Exercise aim: Transcribe the whole listing below without changing a word, but leave out every image.

Raw data:
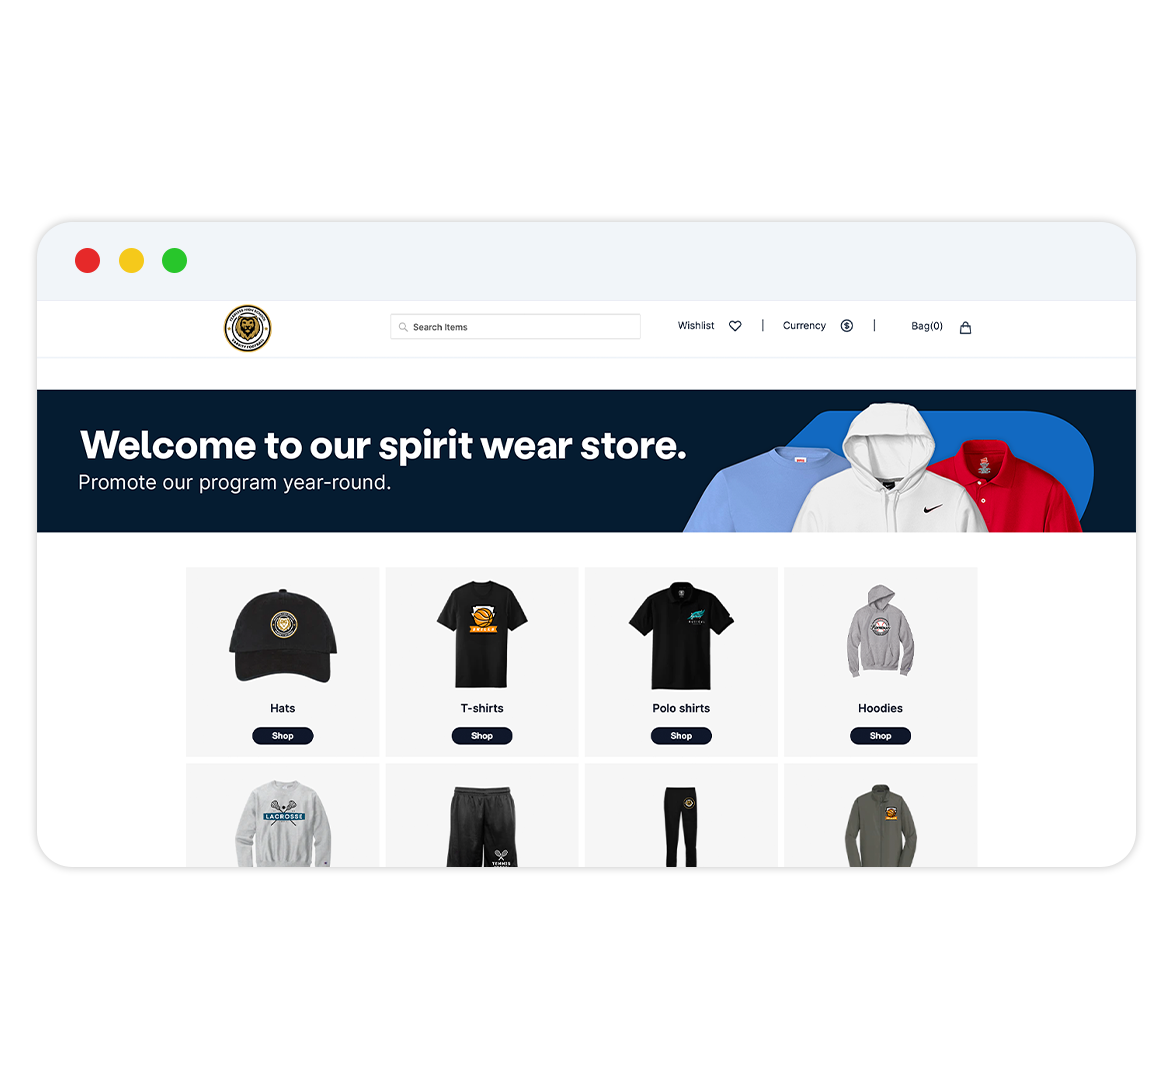 Snap! Store sample storefront webpage
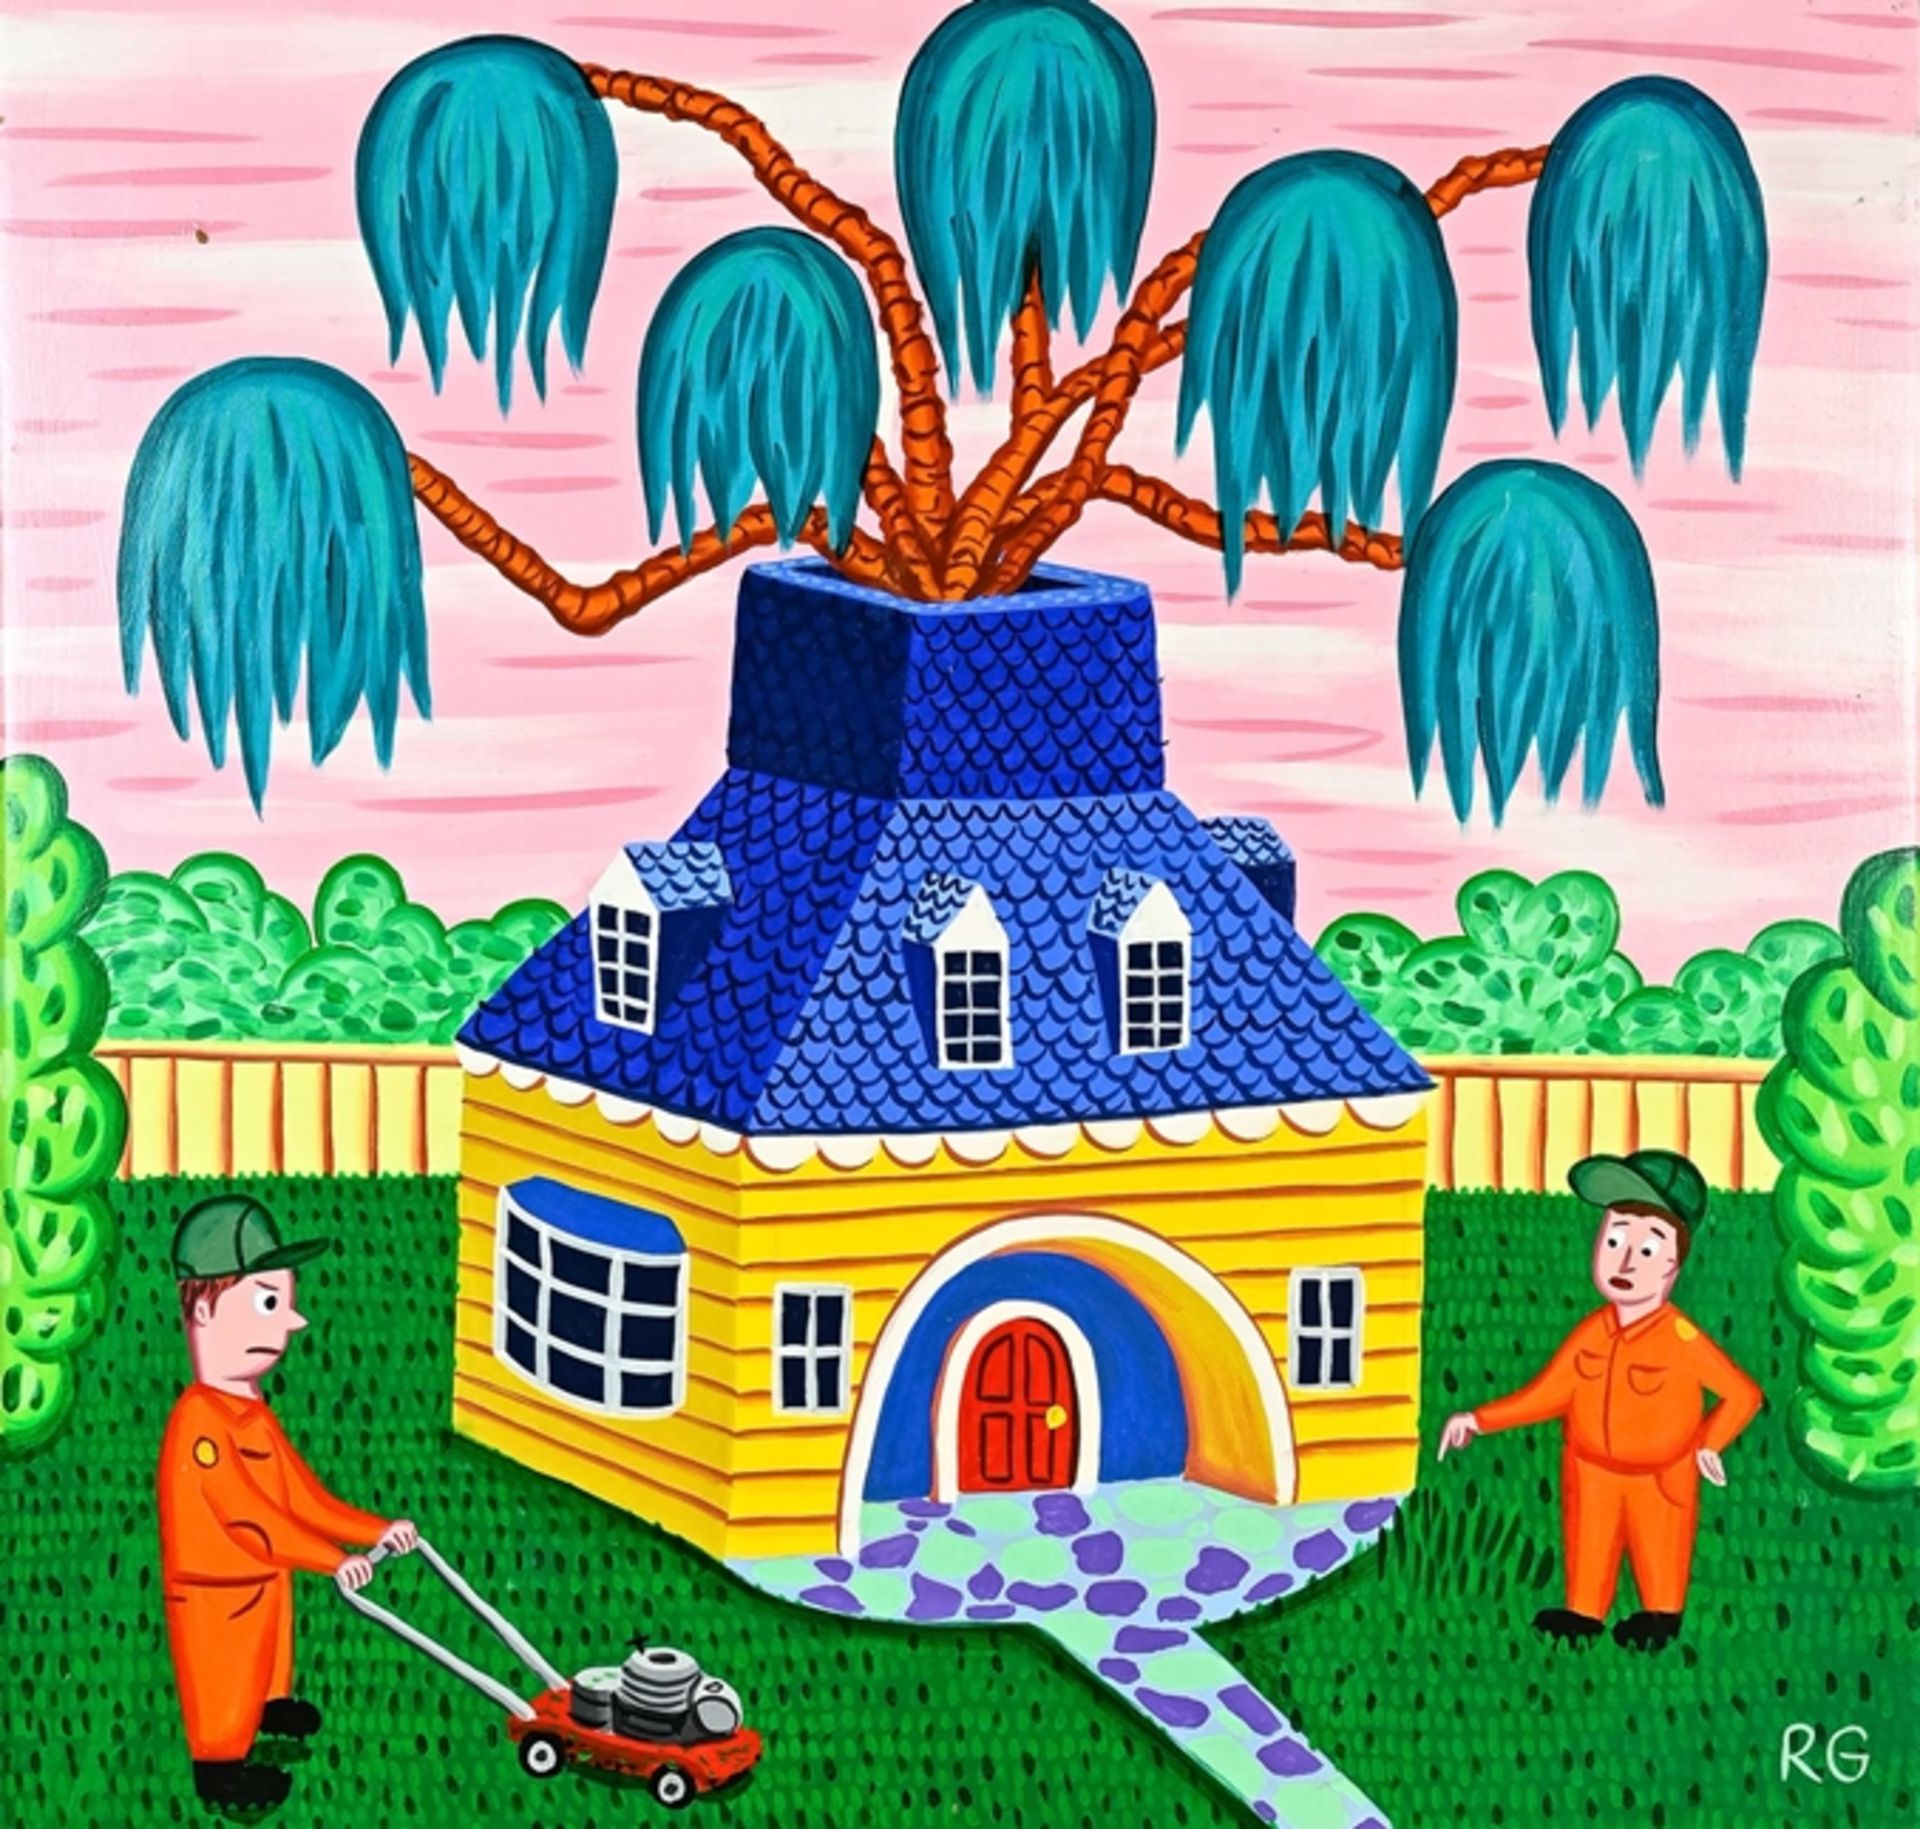 Greenblat, Rodney Alan (1960 San Francisco), "Weeping House, Palm", acrylic on cardboard, 74 x 74 c
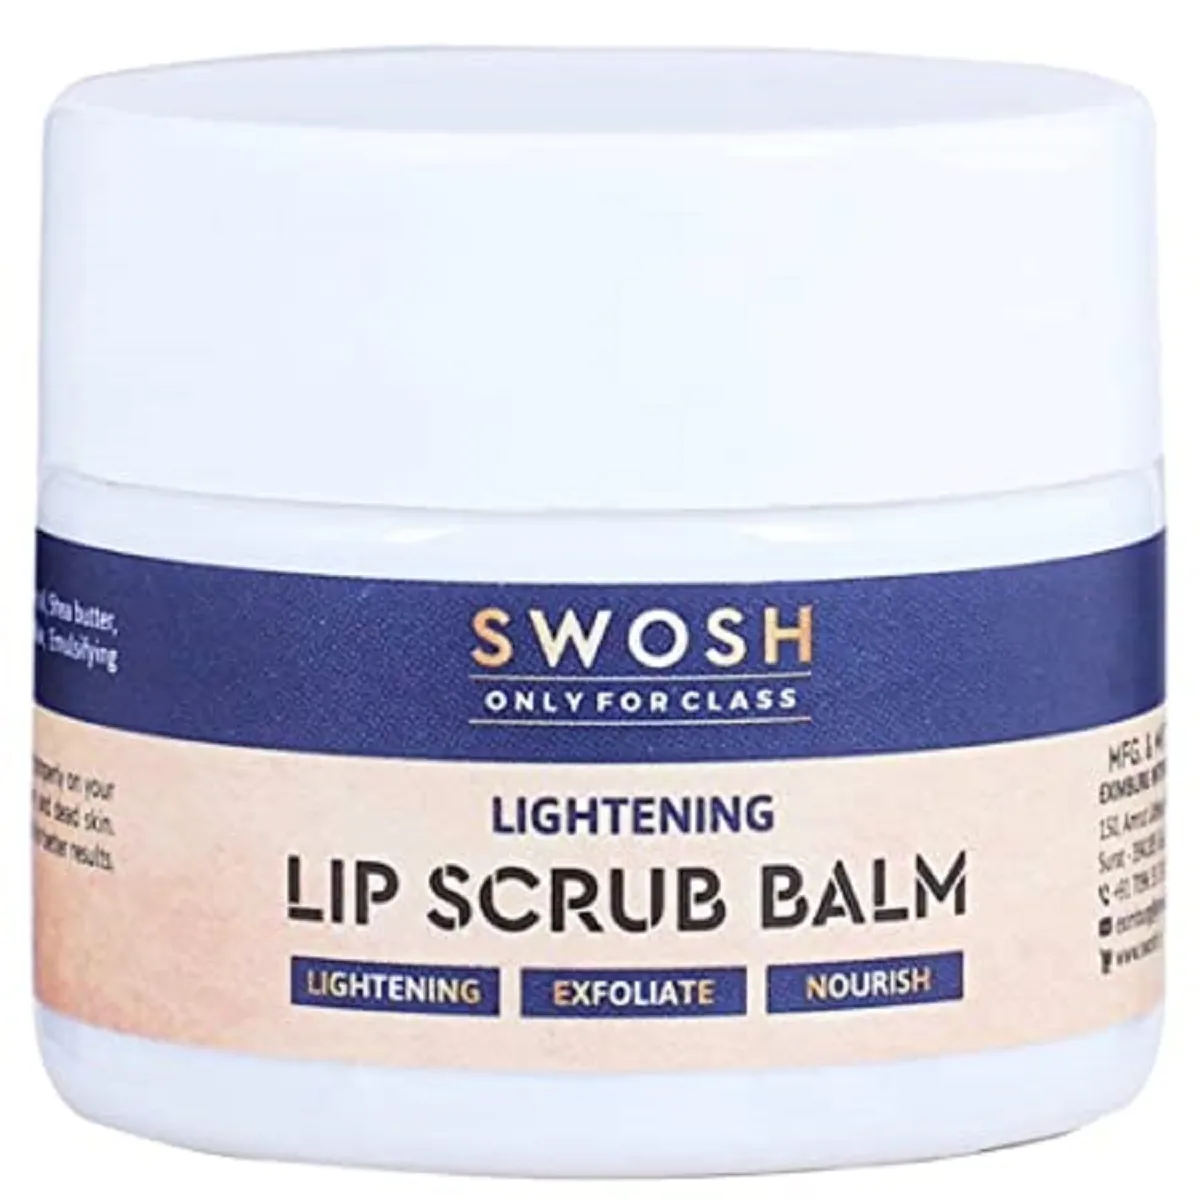 Swosh Lightening Lip Scrub Balm 20g
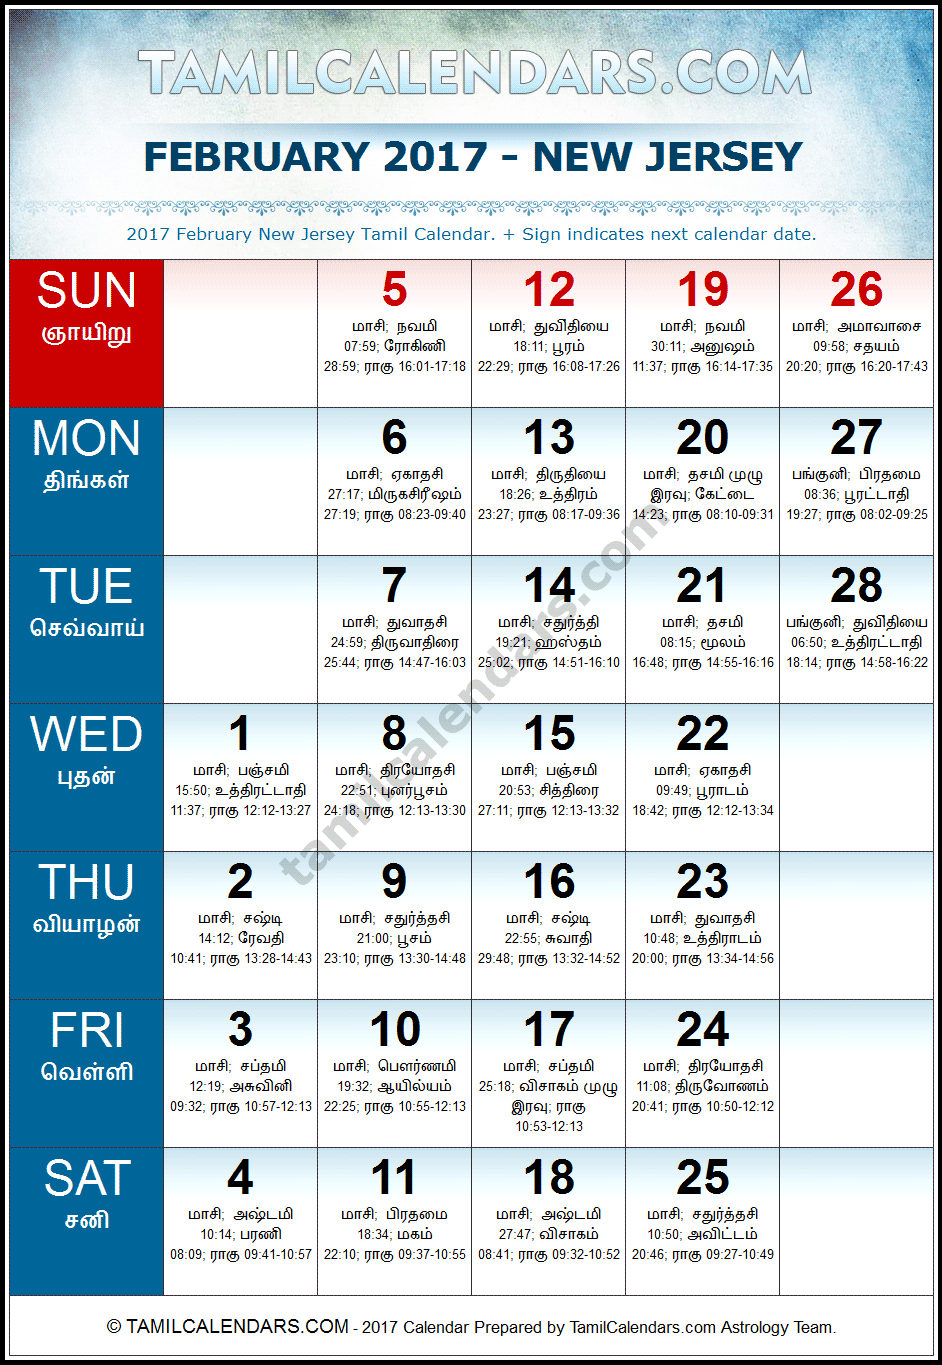 February 2017 Tamil Calendar for New Jersey, USA

Task output:
 Snap! Store sample storefront webpage
 Greenblat, Rodney Alan (1960 San Francisco), "Weeping House, Palm", acrylic on cardboard, 74 x 74 c
 Swosh Lightening Lip Scrub Balm 20g
 February 2017 Tamil Calendar for New Jersey, USA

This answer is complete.